A woman browses the Internet at a cyber cafe in Putrajaya June 16, 2011. At least 41 Malaysian government websites were hacked into overnight but no personal or financial data were compromised, government officials said on Thursday, as the Southeast Asian nation becomes the latest target of a cyber-war waged by the activists. REUTERS/Bazuki Muhammad (MALAYSIA - Tags: SOCIETY SCI TECH BUSINESS CRIME LAW) *** Local Caption ***  BAZ01_CYBER MALAYSI_0616_11.JPG
Beta V.1.0 - Powered by automated translation

DUBAI // Hundreds of thousands of internet users may lose web access on July 9 if they do not remove malicious software, also known as malware, from their computers.

Google, the internet search engine, has been alerting users to the threat of DNSChanger with the message “your computer appears to be infected” on machines infected by the software.

“After successfully alerting a million users last summer to a different type of malware, we’ve replicated this method and have started showing warnings via a special message that will appear at the top of the Google search results page for users with affected devices,” said Damian Menscher, a security engineer for Google.

The computers of as many as one million users around the world may be infected.

The Domain Name System (DNS) converts web address names into numbers that allow computers to send traffic to the right place.

DNSChanger alters DNS settings, forcing users to use malicious servers that redirect users to fake and other harmful sites. The malware also changes settings on home routers that, in turn, can infect other computers and mobile devices.

Officers from the US Federal Bureau of Investigation and Estonian arrested a group of people in connection with the malware in November.

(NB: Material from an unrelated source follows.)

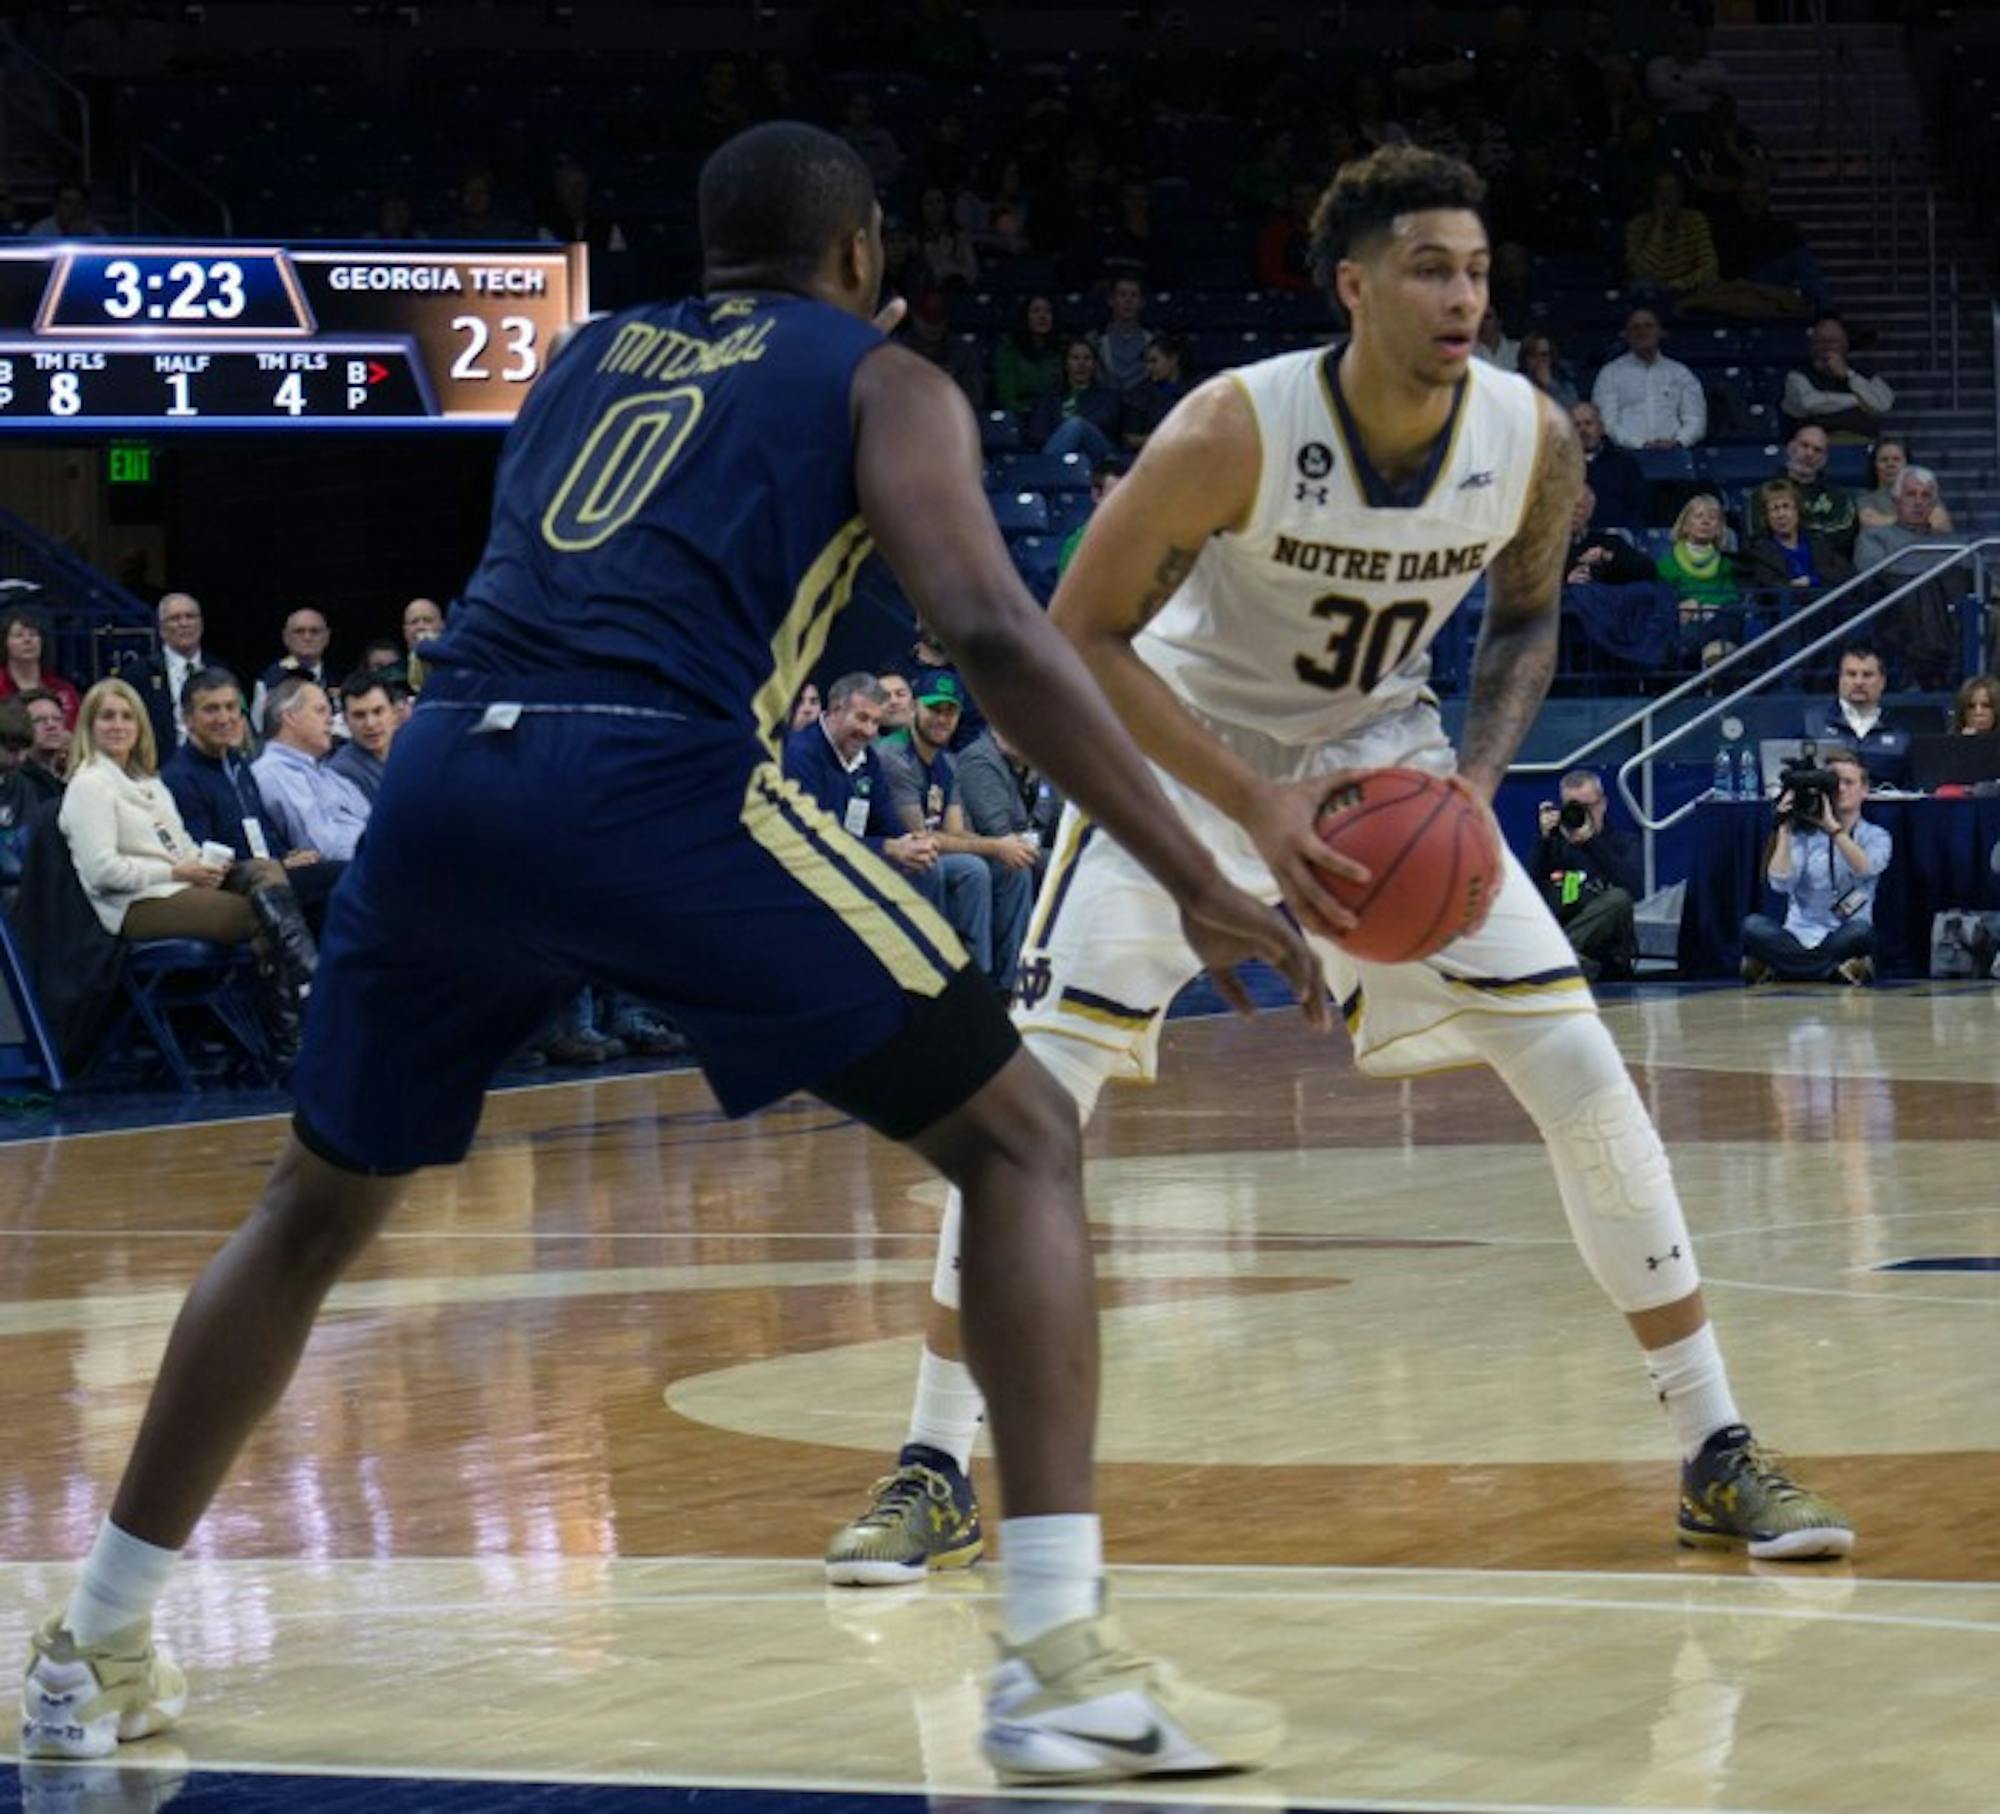 Senior forward Zach Auguste looks to pass during Notre Dame’s 72-64 victory over Georgia Tech on Wednesday at Purcell Pavilion.  Auguste led the team with 24 points and nine rebounds.

The agencies transferred control of the illegal DNS servers to the Internet Systems Consortium, a non-profit group that devises and maintains internet protocols.

Since then, internet service providers (ISPs) and other groups have been trying to alert victims.

“However, many of these campaigns have had limited success because they could not target the affected users, or did not appear in the user’s preferred language [only half the affected users speak English as their primary language],” said Mr Menscher.

“At the current disinfection rate, hundreds of thousands of devices will still be infected when the court order expires on July 9 and the replacement DNS servers are shut down,” he said. “At that time, any remaining infected machines may experience slowdowns or completely lose internet access.”

Mr Menscher said that Google’s intent was to raise awareness of DNSChanger among infected users.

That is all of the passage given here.